Has anybody heard of or used Dr John platinum dog food. Somebody has recommended it to me but not sure if I want to change or not. Currently I am feeding Royal canin and before that it was Burns. Only reason we changed from Burns was when my bitch was pregnant she did not eat well and went off the burns food and after trying so many different things we got her to eat Royal Canin. She had her pups 9 weeks ago so only considering the change for few weeks time. Any suggestions


----------



## Ducky (Nov 23, 2008)

its possibly one of the worst in my opinion. its basically all cereals and no meat. 
hence the ridiculously low price tag. 

some others that i would recommend are Arden Grange, Fish4Dogs, Orijen, Skinners.


----------



## babycham2002 (Oct 18, 2009)

Ditto above
dr johns is rubbish

If your paying royal canin prices now you have stacks of choice, acana, orijen, fish4dogs, arden grange


----------



## SlingDash (Jul 30, 2010)

Horrible, horrible, HORRIBLE stuff!!! Stay well away PLEASE!

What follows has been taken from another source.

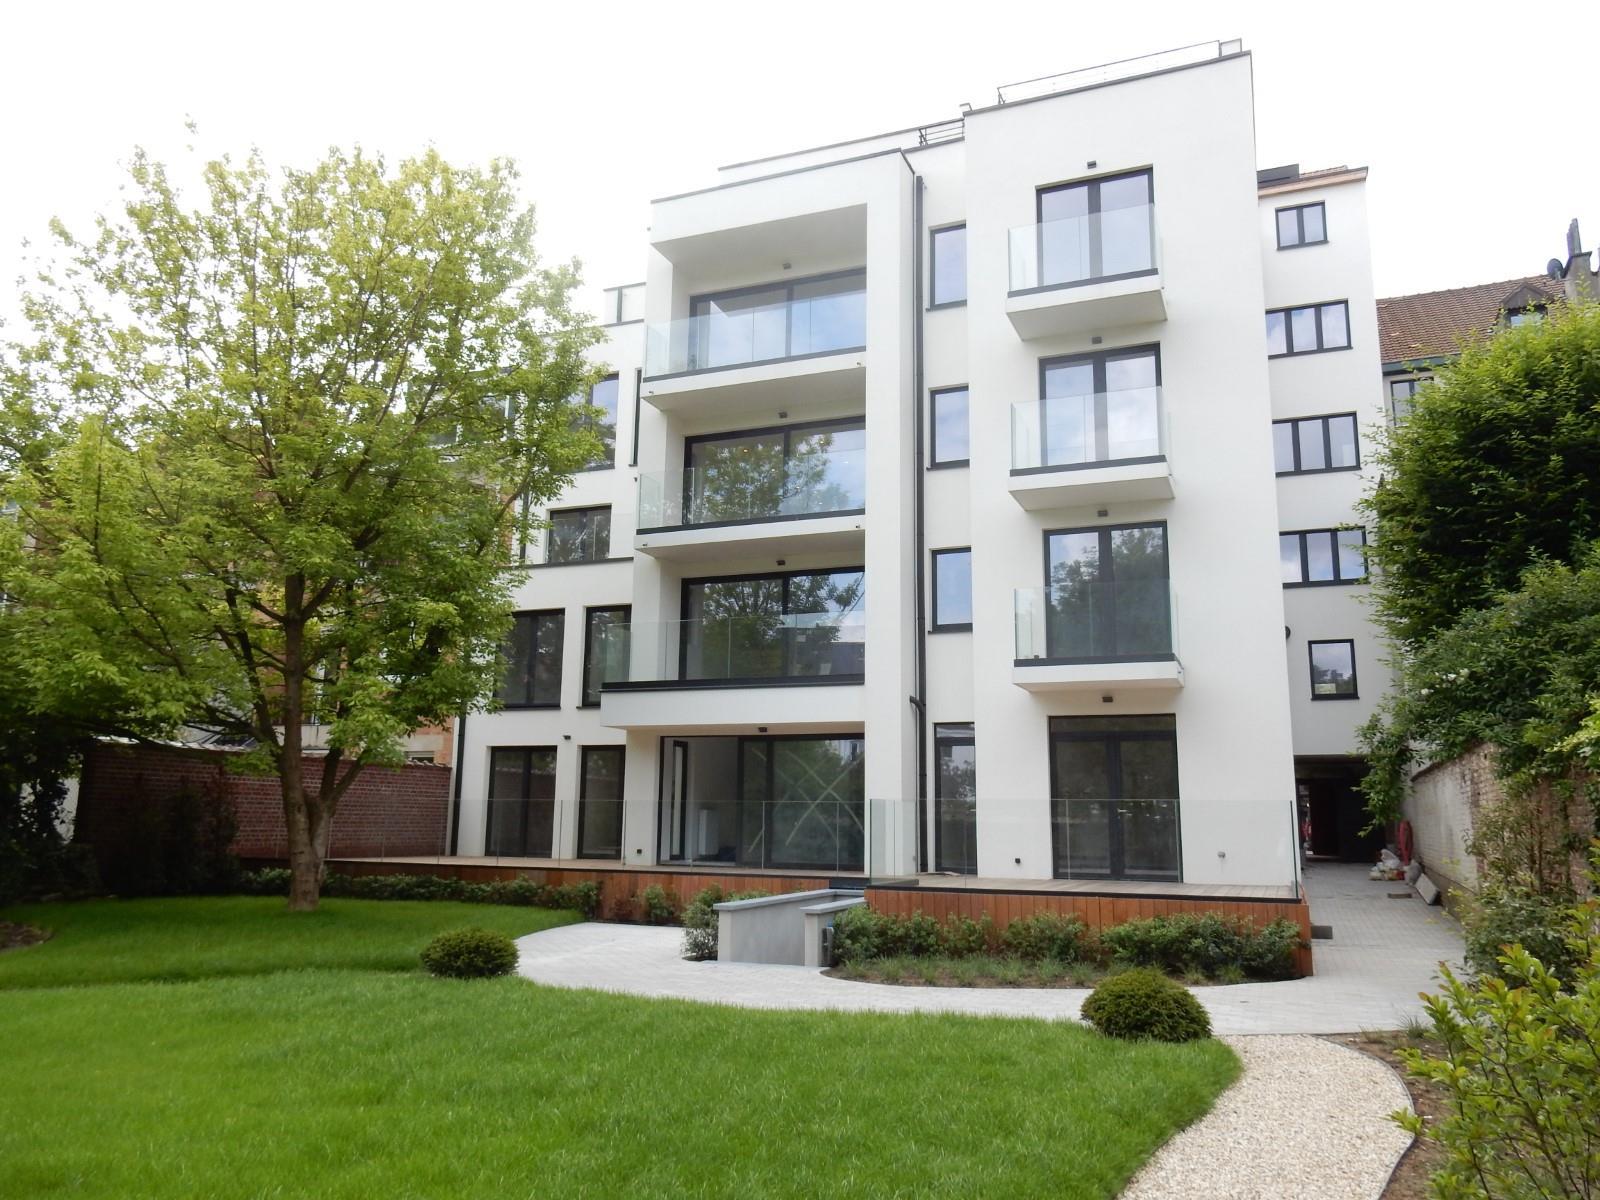 Appartement exceptionnel - Ixelles - #3929606-12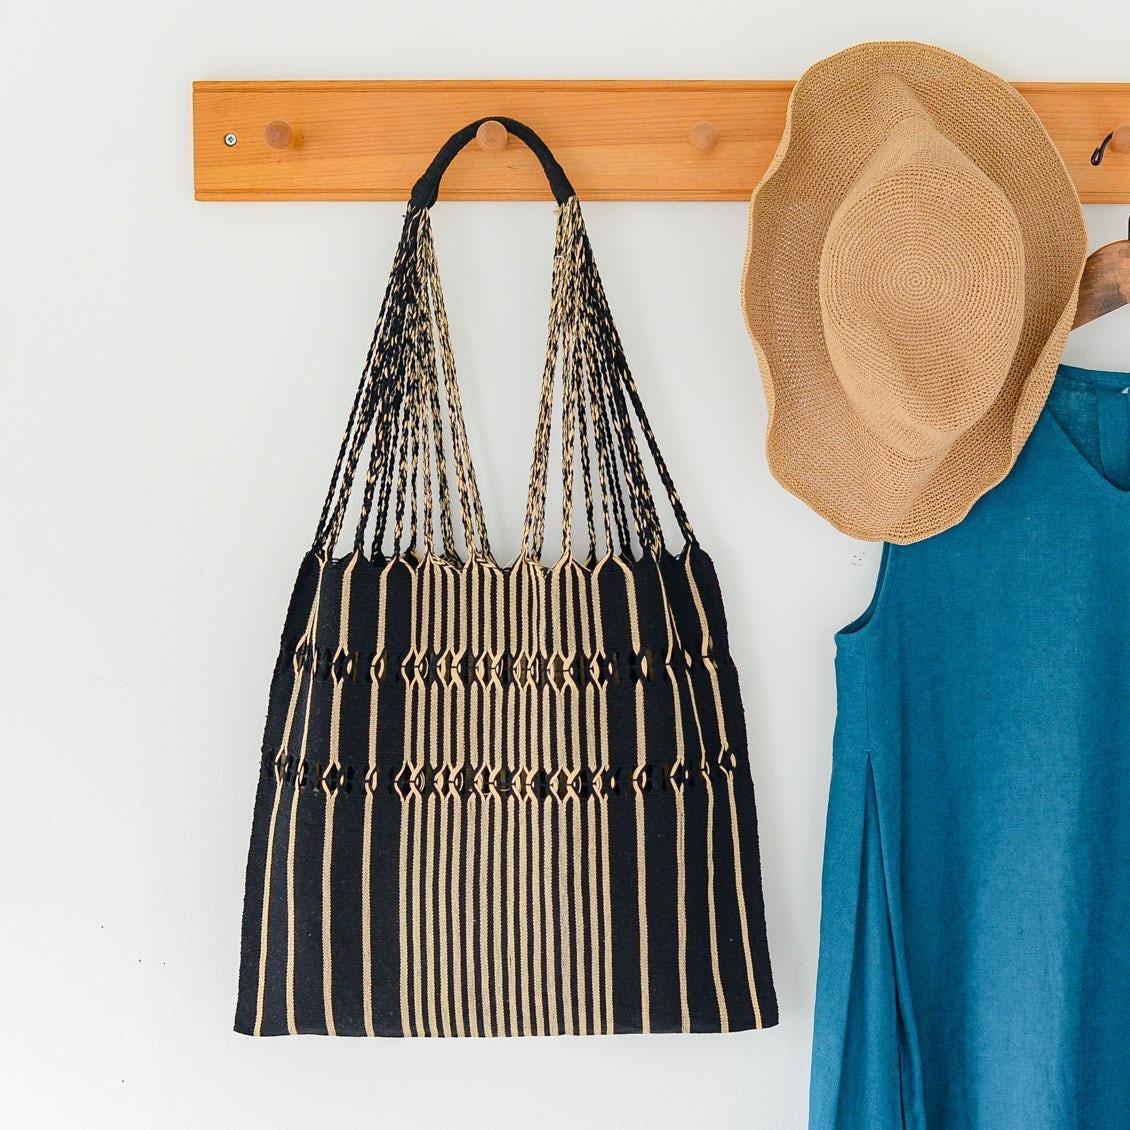 【新商品】気楽なおしゃれが楽しめる♪ハンモックバッグが新登場です。

My parents have recently started using it (god knows who recommended it to them), but I have said I'm going to pay out of my own pocket for a decent food for their poor dog!

Have a look what this website says about all the Dr.John range, then run fast and far away in the opposite direction of wherever you are going to buy it:

Dr.John Dog Food Review

Either that or stick with Burns - even though I have recently discovered that even it is not as good as I thought it was.


----------



## Bearpaw (Dec 10, 2009)

I have to agree here,its not a food that i would personally use.(but i know alot of farmers and working dog owners use it down here).Though to be honest,im not a fan of royal canin either.There are many better foods in that price bracket,and cheaper,if you are looking to change.

How is callie doing? must be quiet now the pups have gone,though you did keep one didnt you? how is pup doing?


----------



## JSR (Jan 2, 2009)

Been using it at the rescue, got given a crate by feed place so not going to say no! The dogs all love it, they are looking fab on it and in my opinion all complete foods are full of rubbish dogs don't really need ...lets face it if they had a choice between dried stuff and a raw meaty bone which do you really think they'd pick? So for the price and the fact a large range of dogs are happily eating it if you supplement their diet with good quality raw meat as I do for my own I don't think the complete really matters what it is. :thumbup:


----------



## SlingDash (Jul 30, 2010)

> A large range of dogs are happily eating it.


A large quantity of dogs are "happily eating" Pedigree Chum, Bakers and Chappie. They may look like they are happy and healthy, but unfortunately they cannot speak human languages, and they do not know what they are being fed. If they had full knowlede of all the ingredients, of what rubbish they were being forced to eat, and what the associated health risks were, do you think they'd still be happy to eat it?

I'm sorry (well - I'm not, actually), but Dr.John's really is a terrible food. One of the worst I've seen. As has already been stated: there are FAR better options for the money.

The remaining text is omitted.